In this case, I’m trying to learn a bimodal distribution in one dimension (I only have results showing that it works in one dimension, but it should be true in multiple dimensions as well, although I don’t have the proof yet). We are trying to transform a standard normal distribution (0, 1) into a bimodal distribution (toy example). The inner loop is ‘morally parallelizable’ since the order of simulations and their summations doesn’t matter. Therefore, I would like to execute this in parallel, but when I use @distributed, threads, etc., I get the following Zigote error:

Can't differentiate foreigncall expression $(Expr(:foreigncall, :(:jl_cpu_wake), Nothing, svec(), 0, :(:ccall))). You might want to check the Zygote limitations documentation. 

Let me briefly remind you where each thing comes from.

I have defined a loss function that evaluate the convergence of random generated samples from the model towards a uniform data distribution with respect the real observation.

I generate K random hypothetical observations and compare how many of them are smaller than the real data in the training set. In other words, the model generates K simulations, and we calculate the number of simulations where the generated data is smaller than the actual data. If the model is well trained, this distribution should converge to a uniform distribution.

generated_a_k is construted the following way. However, to simplify, I will just say that executions of generated_a_k are independent.
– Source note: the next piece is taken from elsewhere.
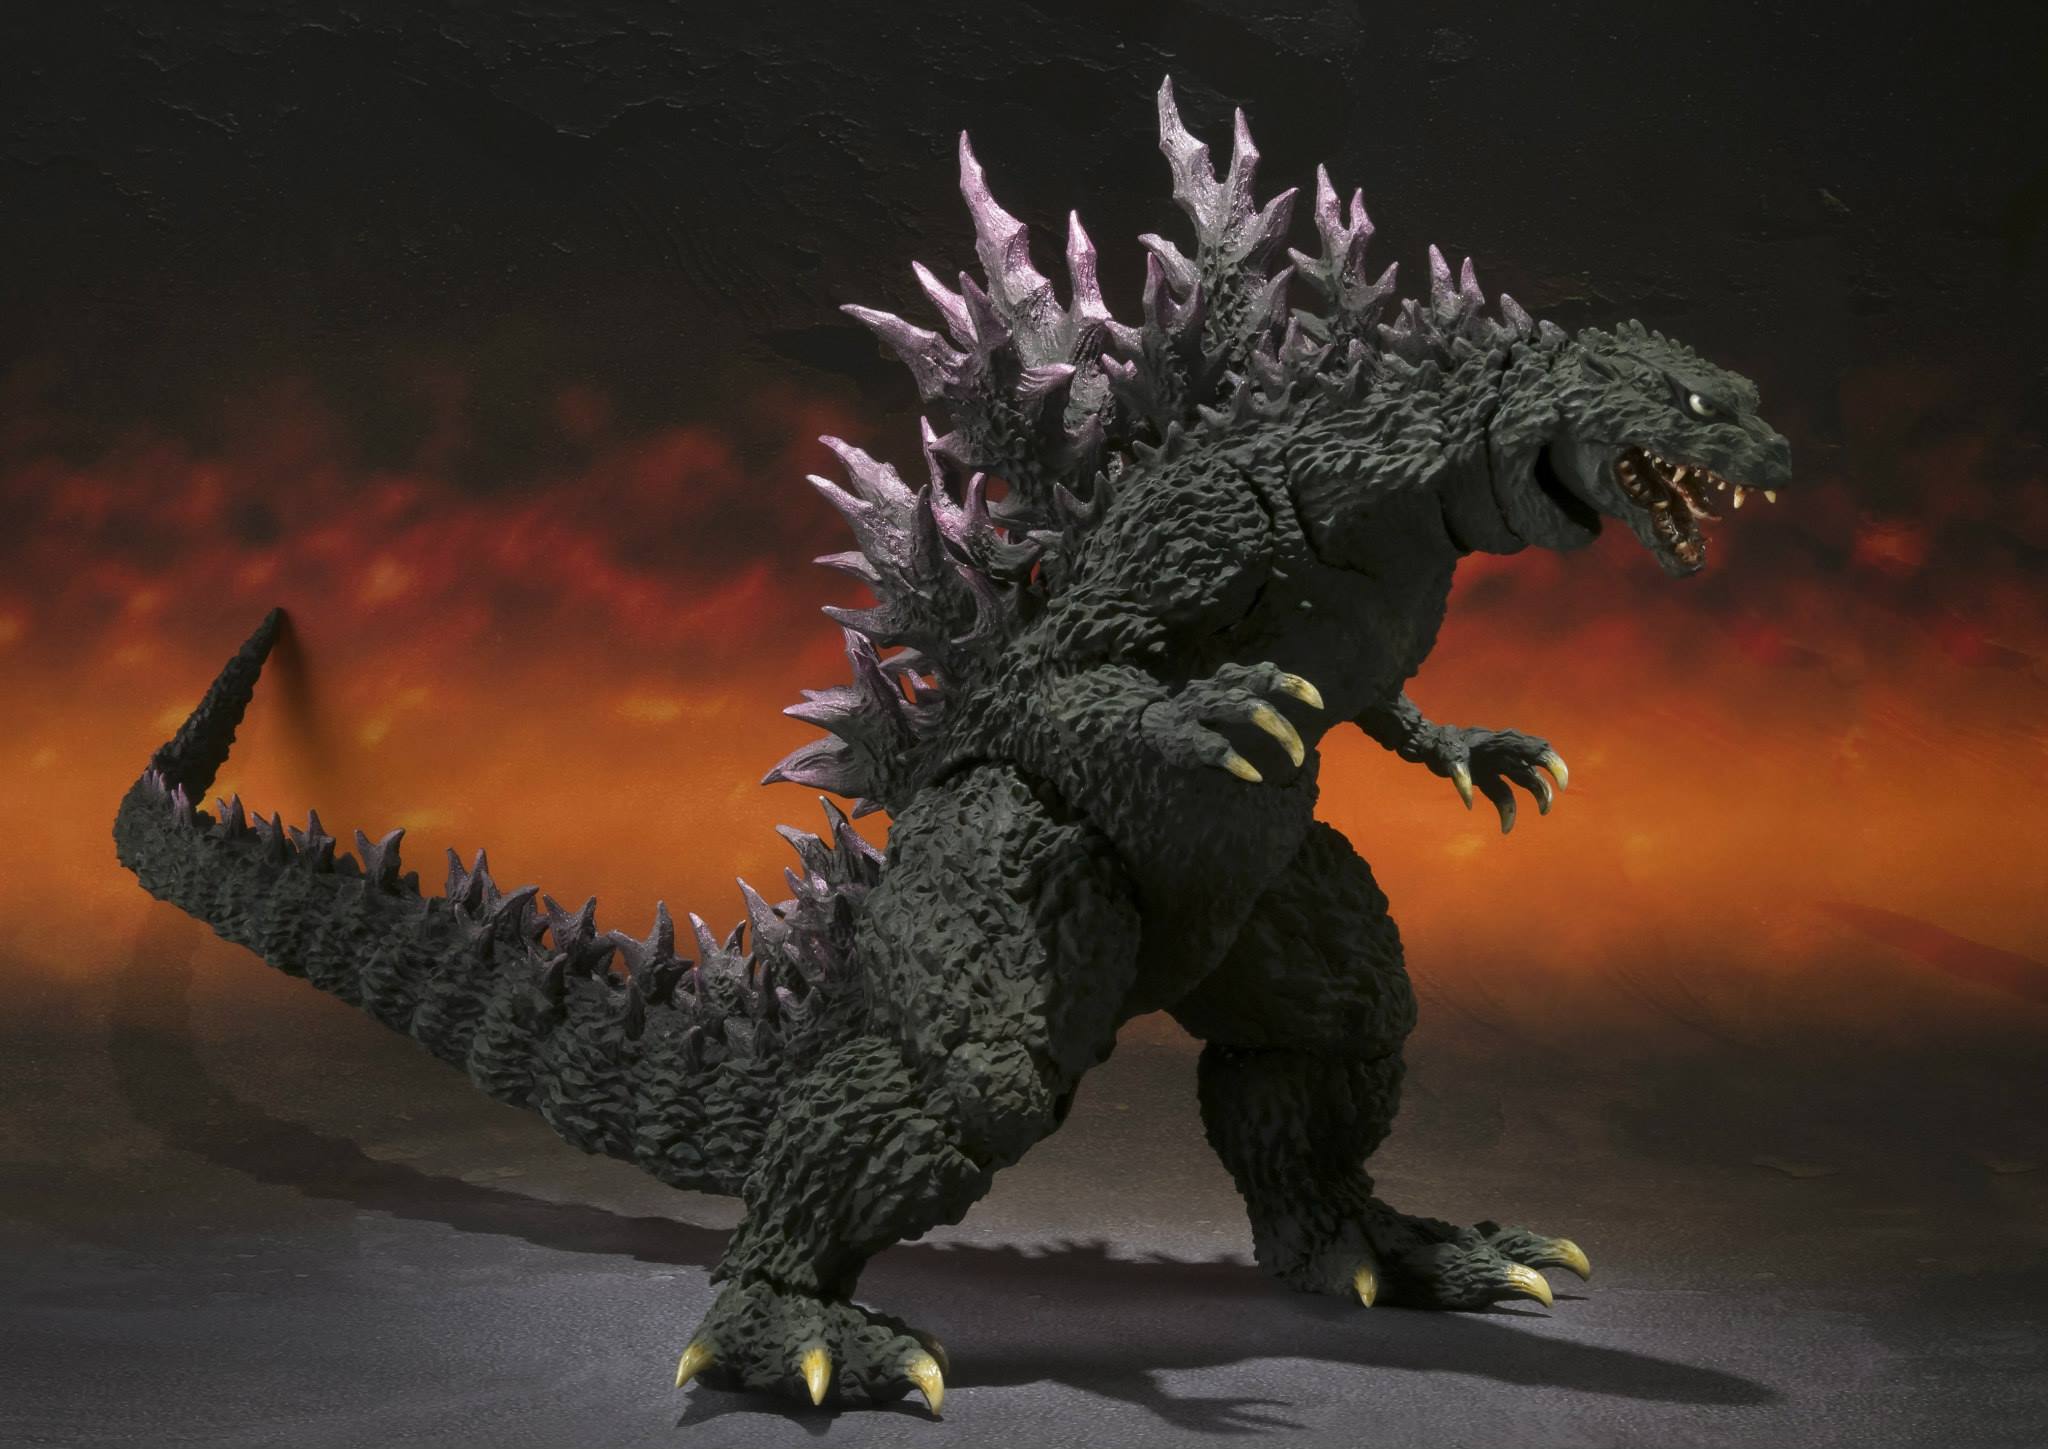 Godzilla 2000 Backgrounds on Wallpapers Vista

scalar_diff(aₖ) = sum((aₖ .- (1 ./ length(aₖ))) .^2)

"""
    sigmoid(ŷ, y)

    Sigmoid function centered at y.
"""
function sigmoid(ŷ, y)
    return sigmoid_fast.((ŷ-y)*10)
end;

"""
    ψₘ(y, m)

    Bump function centered at m. Implemented as a gaussian function.
"""
function ψₘ(y, m)
    stddev = 0.1
    return exp.((-0.5 .* ((y .- m) ./ stddev) .^ 2))
end

"""
    ϕ(yₖ, yₙ)

    Sum of the sigmoid function centered at yₙ applied to the vector yₖ.
"""
function ϕ(yₖ, yₙ)
    return sum(sigmoid.(yₙ, yₖ))
end;

"""
    γ(yₖ, yₙ, m)
    
    Calculate the contribution of ψₘ ∘ ϕ(yₖ, yₙ) to the m bin of the histogram (Vector{Float}).
"""
function γ(yₖ, yₙ::Float64, m::Int64)
    eₘ(m) = [j == m ? 1.0 : 0.0 for j in 0:length(yₖ)]
    return eₘ(m) * ψₘ(ϕ(yₖ, yₙ), m)
end;

"""
    γ_fast(yₖ, yₙ, m)

Apply the γ function to the given parameters. 
This function is faster than the original γ function because it uses StaticArrays.
However because Zygote does not support StaticArrays, this function can not be used in the training process.
"""
function γ_fast(yₖ, yₙ::Float64, m::Int64)
    eₘ(m) = SVector{length(yₖ)+1, Float64}(j == m ? 1.0 : 0.0 for j in 0:length(yₖ))
    return eₘ(m) * ψₘ(ϕ(yₖ, yₙ), m)
end;

"""
    generate_aₖ(ŷ, y)

    Generate a one step histogram (Vector{Float}) of the given vector ŷ of K simulted observations and the real data y.
    generate_aₖ(ŷ, y) = ∑ₖ γ(ŷ, y, k)
"""
generate_aₖ(ŷ, y::Float64) = sum([γ(ŷ, y, k) for k in 0:length(ŷ)])

We need to transform the concept of counting (histogram) into a differentiable operation. To do this, I have done the following. First, I have used a sigmoid operation to check if a fictitious observation (out of the K generated) is smaller than the real observation. Obviously, this process can be repeated for the K observations by simply summing them (using the ϕ function). After this, I want to generate differentiable histogram bins. To achieve this, it is sufficient to use a bump function that sums to nearly 1 when the real observation is greater than the K fictitious observations, and it is zero otherwise. We will have K+1 bump functions, each centered at 1, 2, …. With the gamma γ function, I simply try to associate the previous result with the vector component i , which will represent my histogram bins. Finally, generated_ak is nothing more than an interation over all the vector components to generate each of the bins.

1 Like

That’s what I get for answering many AD-related posts I guess :rofl:

Those two are actually very different, not sure if you’re clear on the specific behavior of each one. I think in your case multithreading (with shared memory) is more appropriate, unless the inner iterations are really long and you’re working on a cluster of several machines.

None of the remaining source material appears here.